**Your assignment**
Would you retype the whole listing verbatim, keeping pictures out of it?

=== Dataset content ===

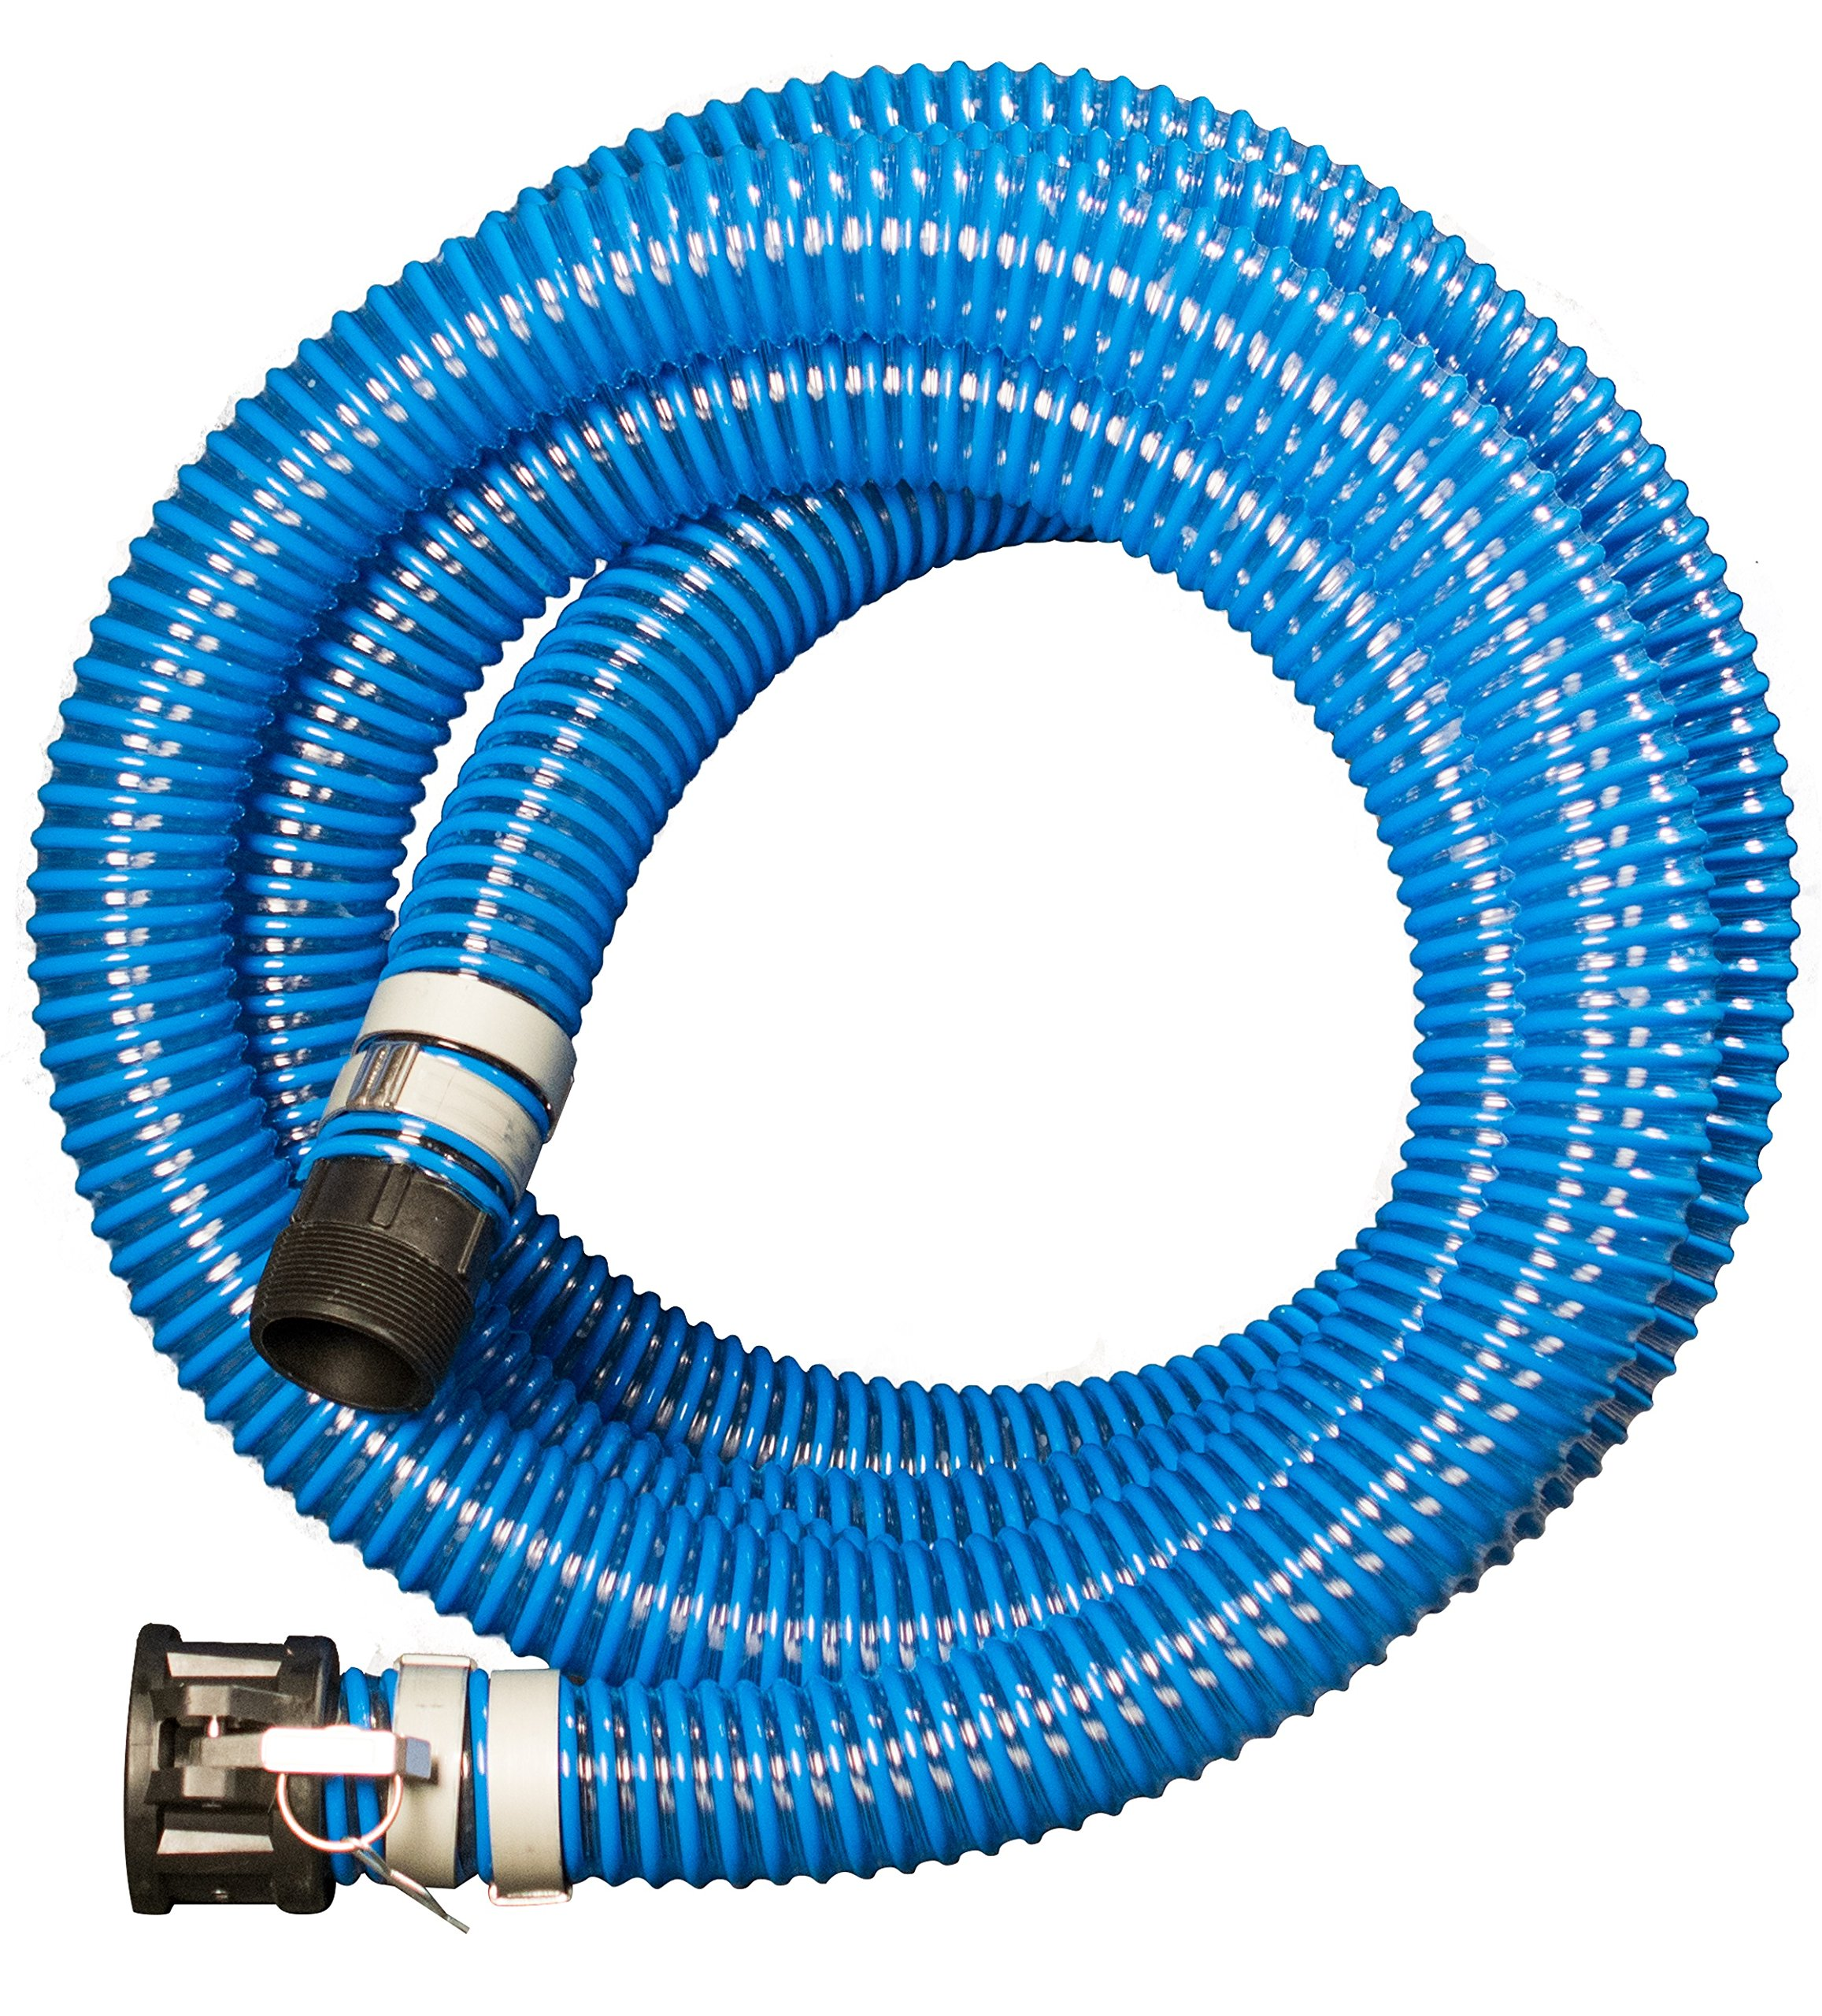 Apache 98106503 PVC Suction Poly CX King Nipple Hose, 40 psi, 2'' Inside Diameter, Blue by Apache
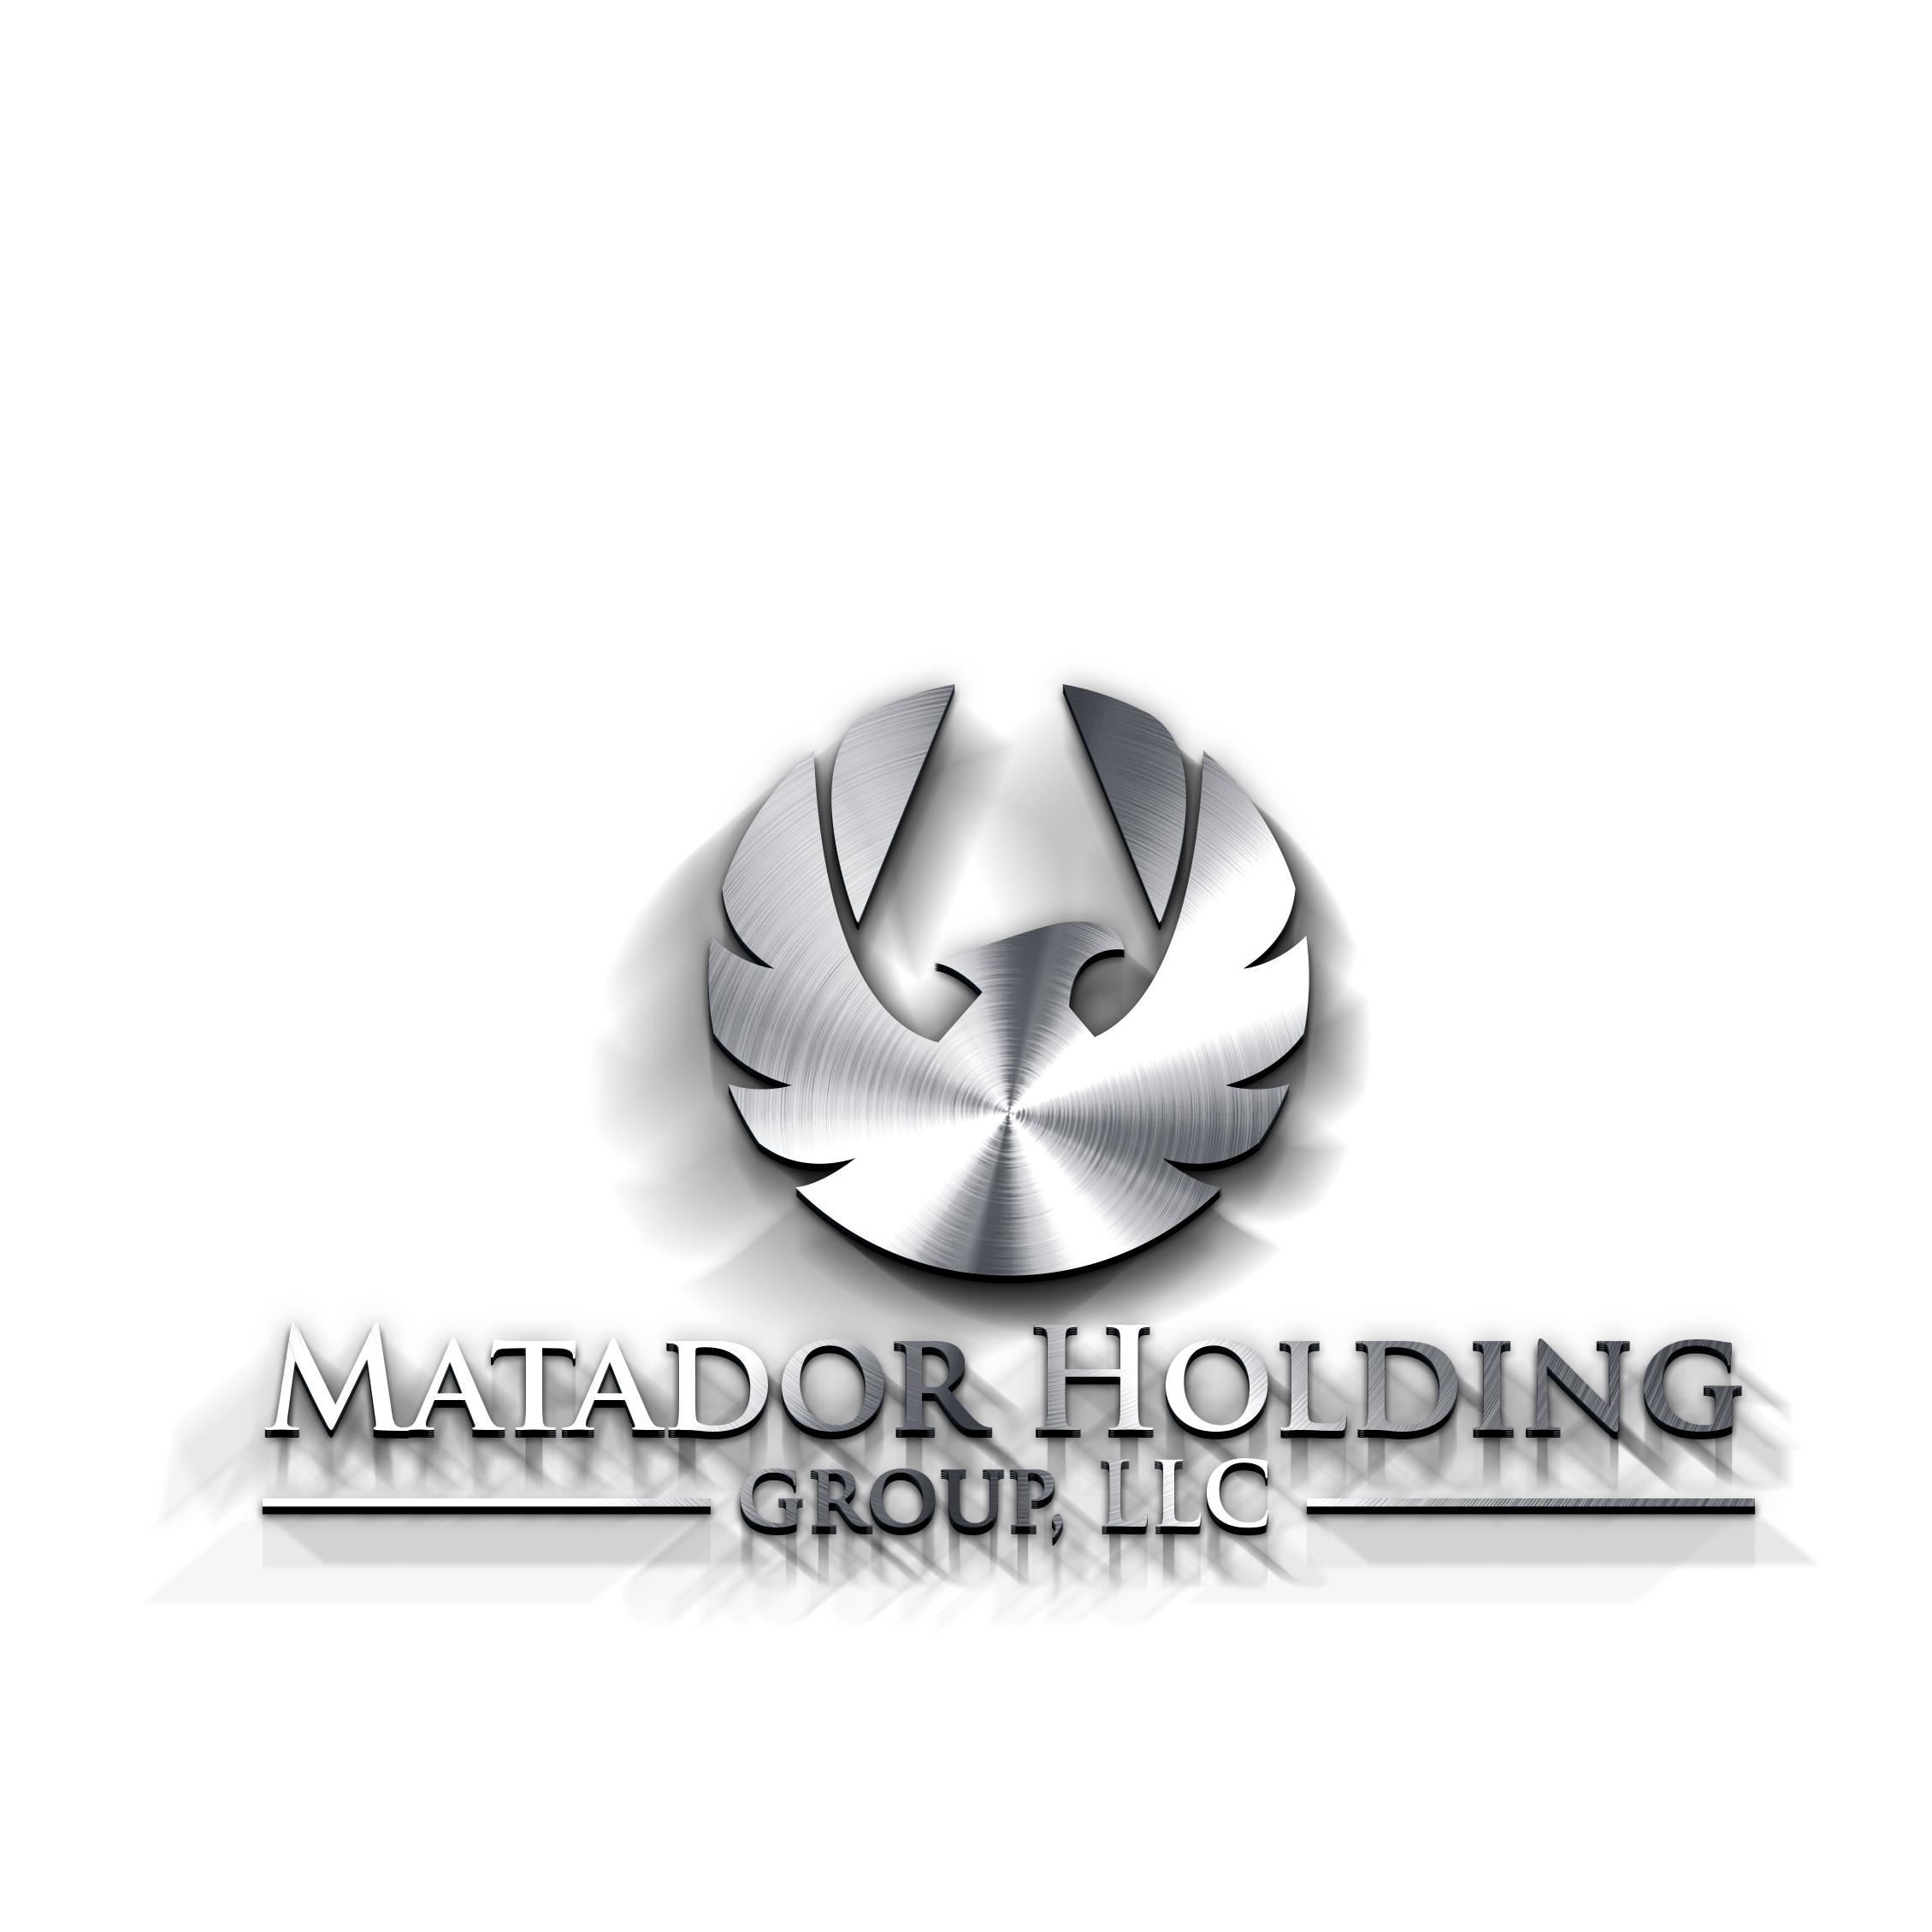 Matador Holding Group, LLC
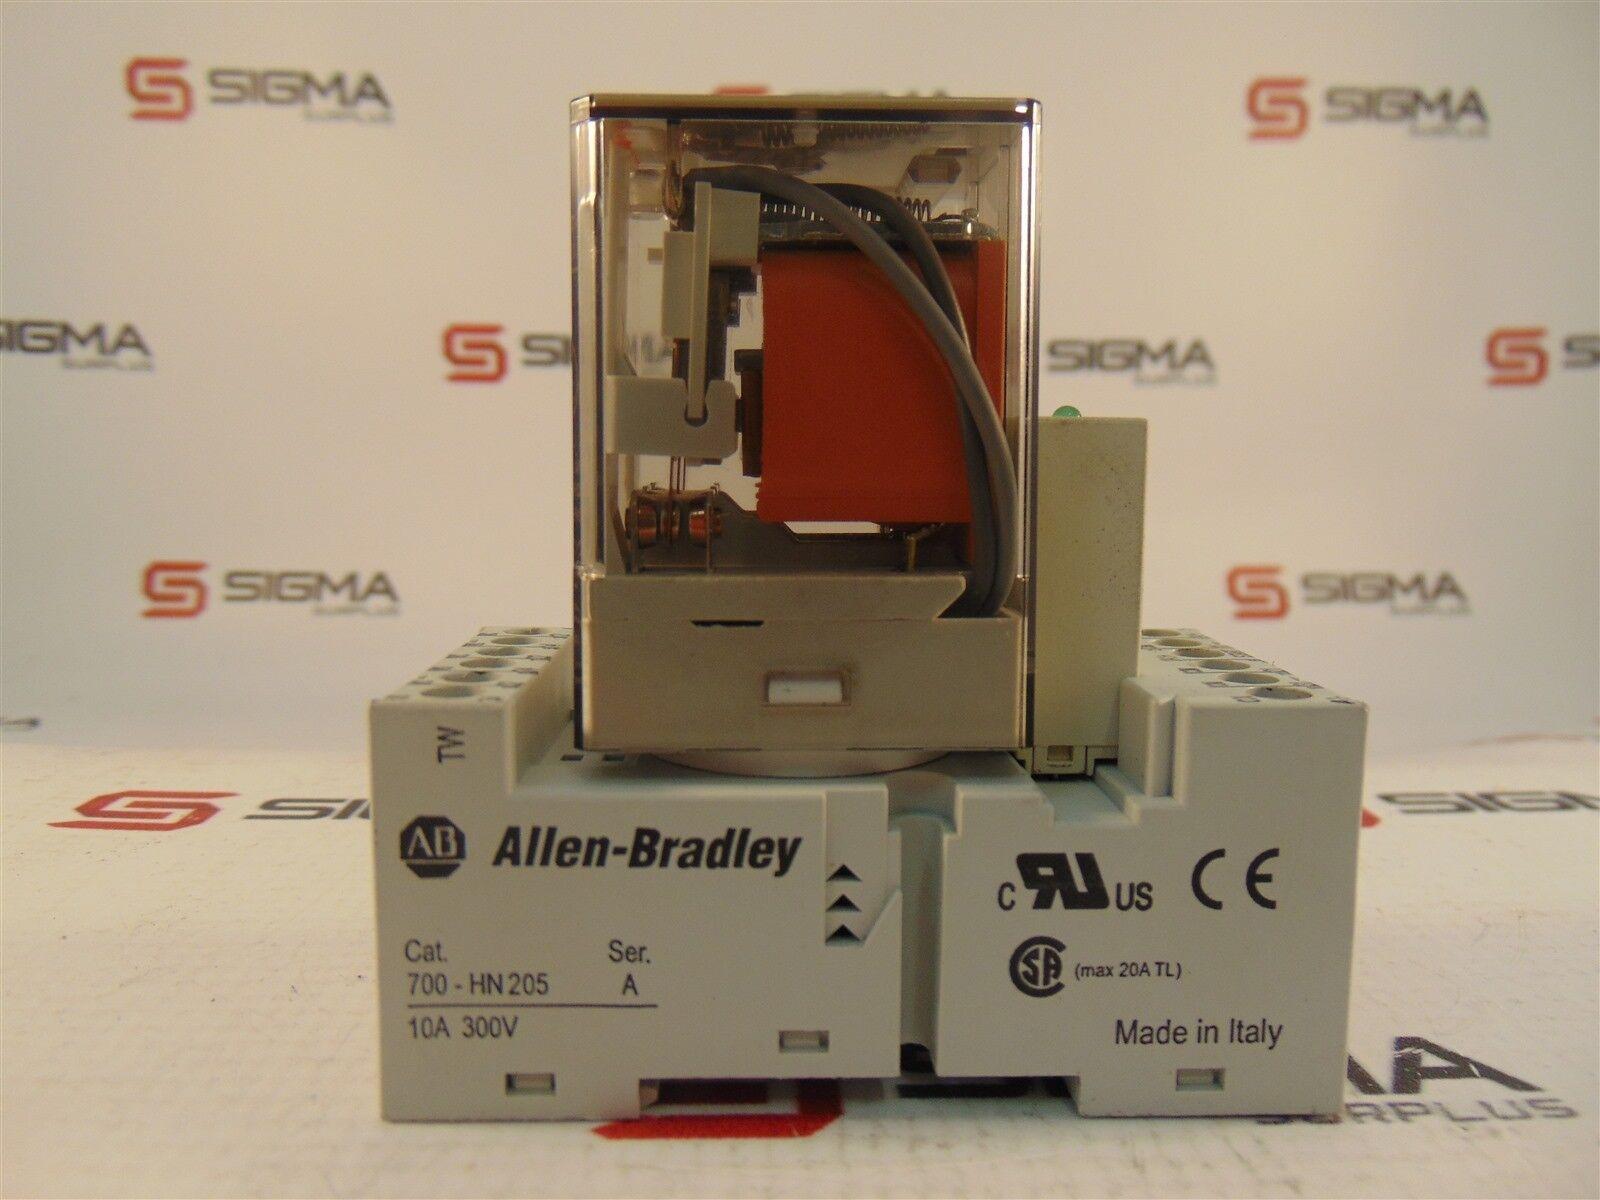 Allen-Bradley 700-HN205 Relay Base 300VAC 10A w/700-HA33A2 240VAC 10A

===

**Your solution**
 Apache 98106503 PVC Suction Poly CX King Nipple Hose, 40 psi, 2'' Inside Diameter, Blue by Apache
 Matador Holding Group, LLC
 Allen-Bradley 700-HN205 Relay Base 300VAC 10A w/700-HA33A2 240VAC 10A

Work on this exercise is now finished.